┏━━

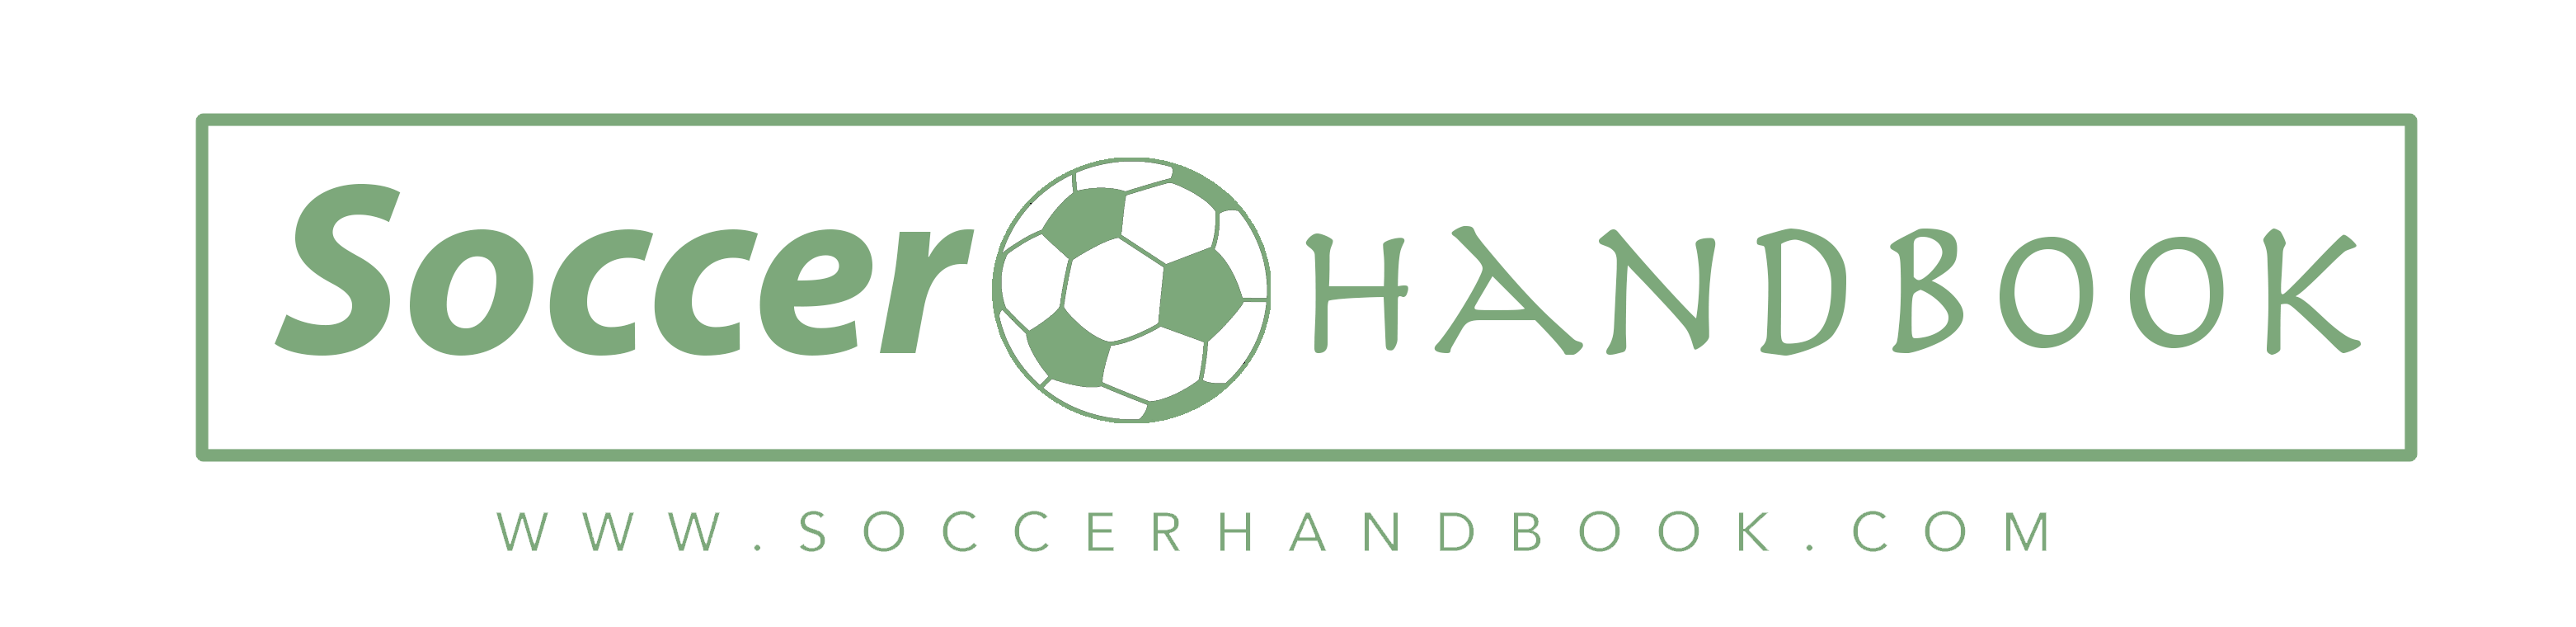 soccerhandbook
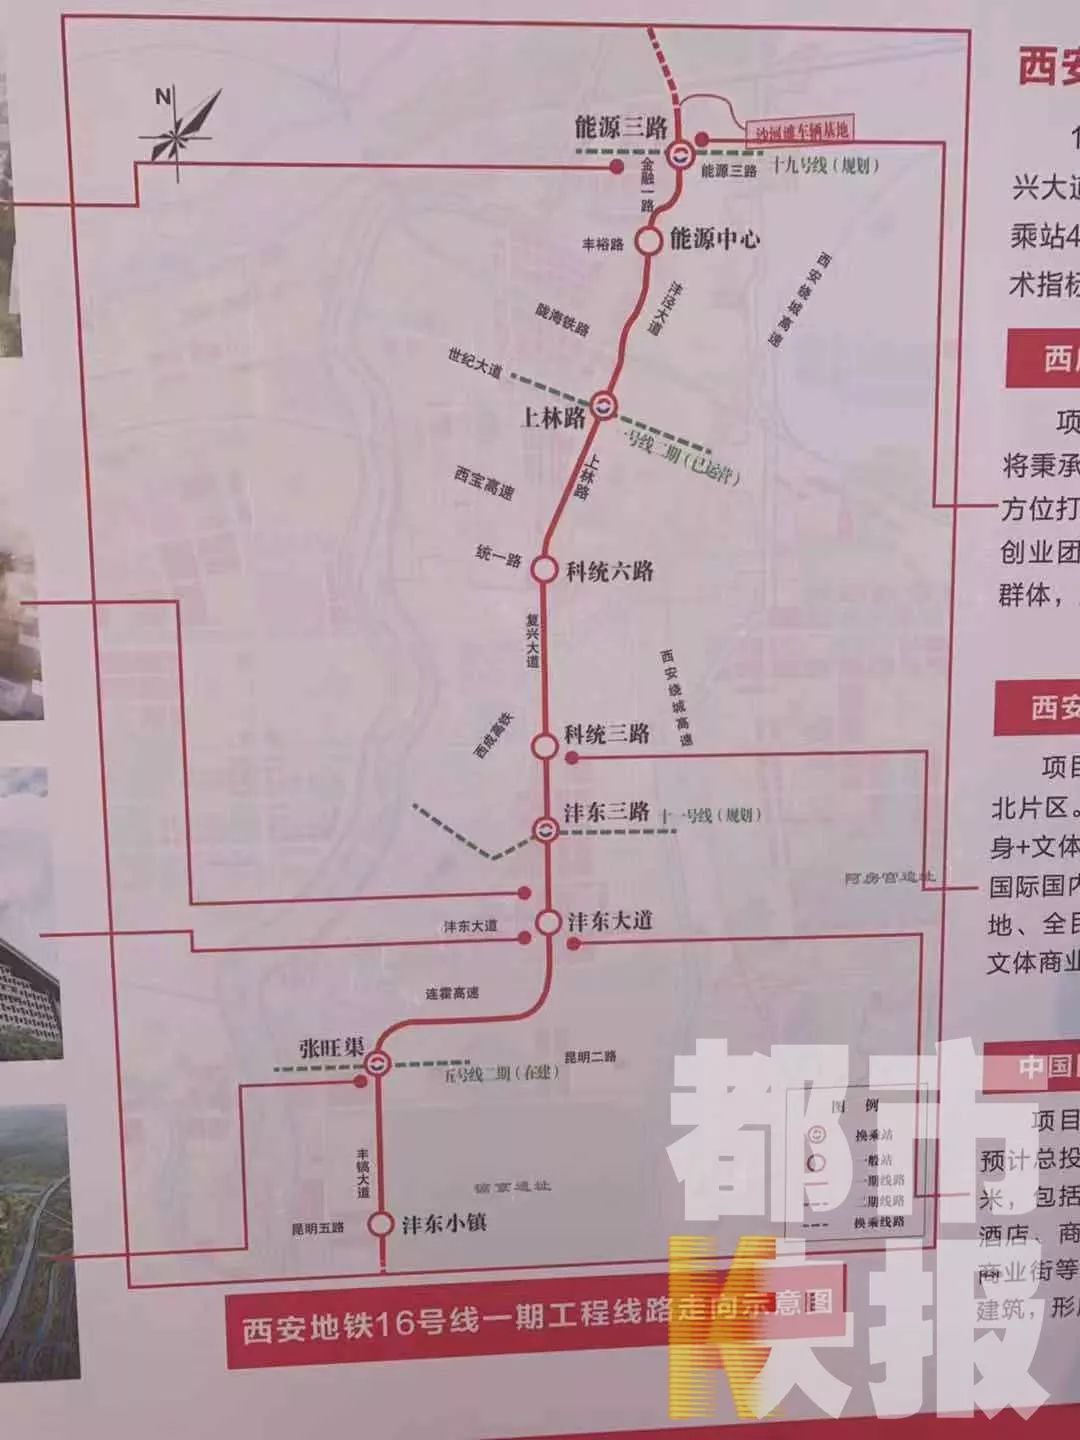 西安地铁1号线三期中标公示!计划2023年建成!
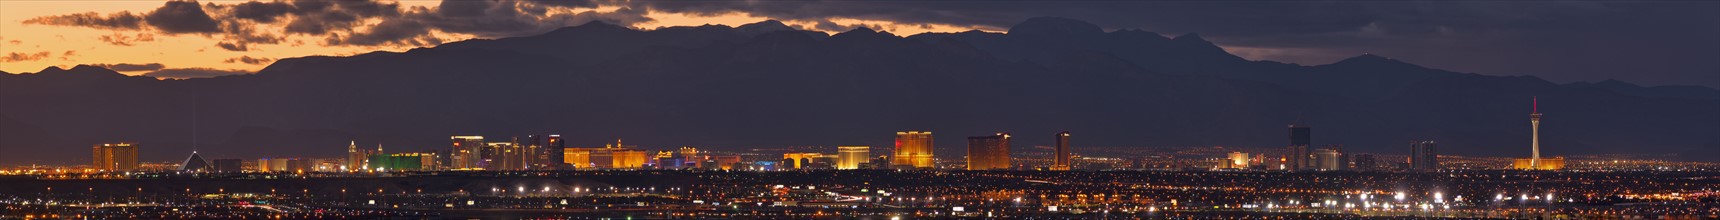 USA, Nevada, Las Vegas skyline. Photo : Gary Weathers
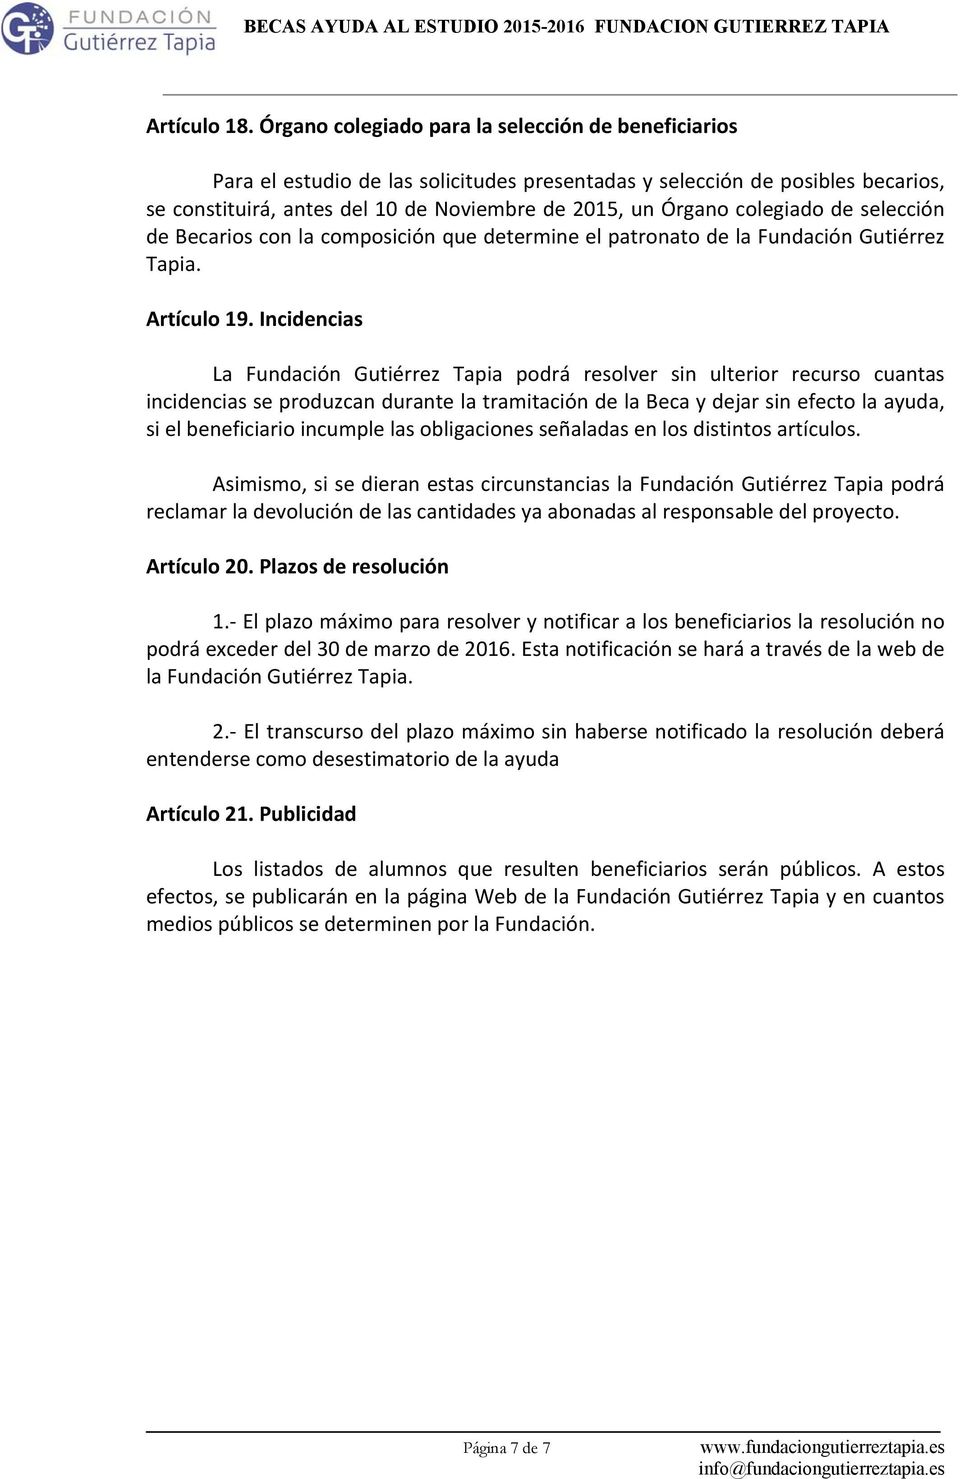 colegiado de selección de Becarios con la composición que determine el patronato de la Fundación Gutiérrez Tapia. Artículo 19.
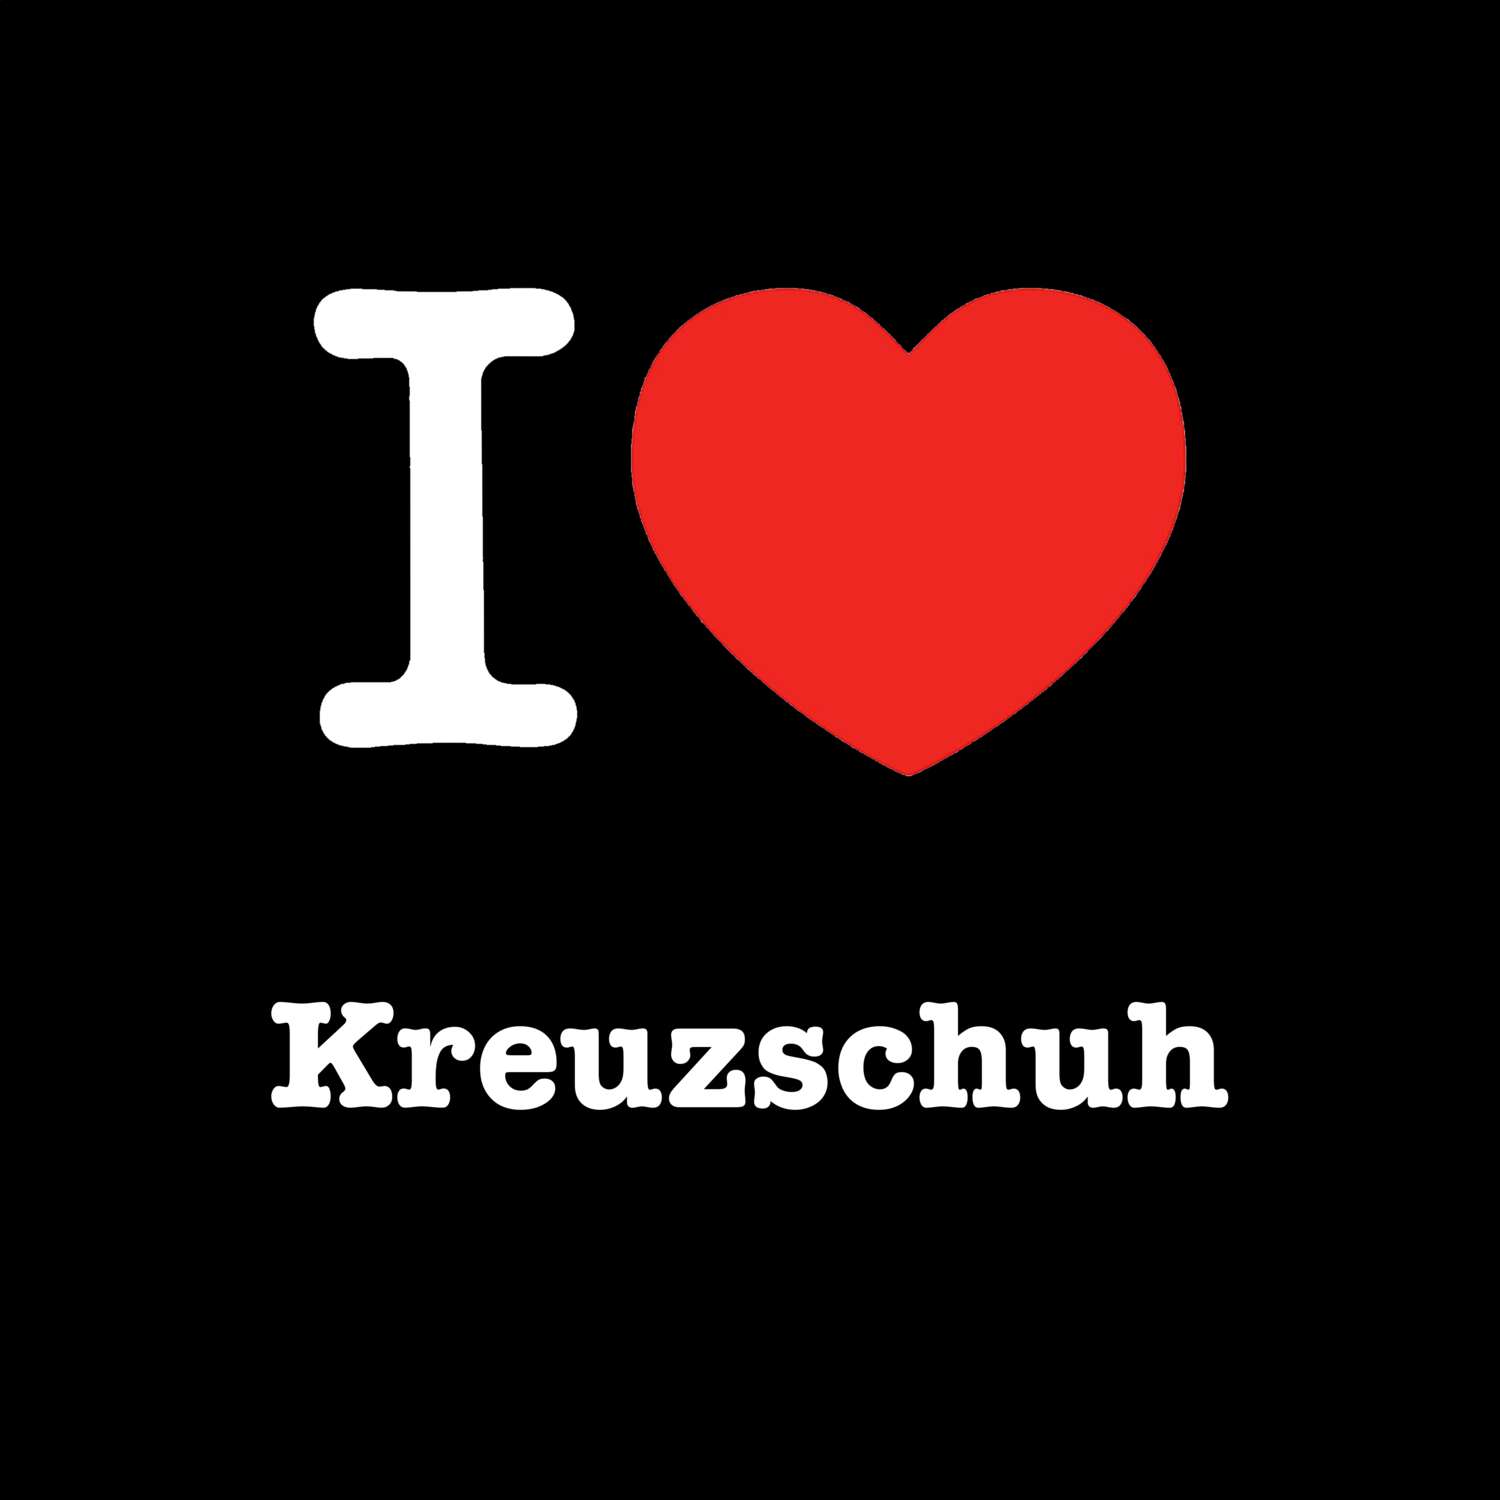 Kreuzschuh T-Shirt »I love«

┗━━

What is being asked: The whole listing above should be restated word for word, minus any images.

Exercise output:
 soccerhandbook
 西安地铁1号线三期中标公示!计划2023年建成!
 USA, Nevada, Las Vegas skyline. Photo : Gary Weathers
 colegiado de selección de Becarios con la composición que determine el patronato de la Fundación Gutiérrez Tapia. Artículo 19.
 Kreuzschuh T-Shirt »I love«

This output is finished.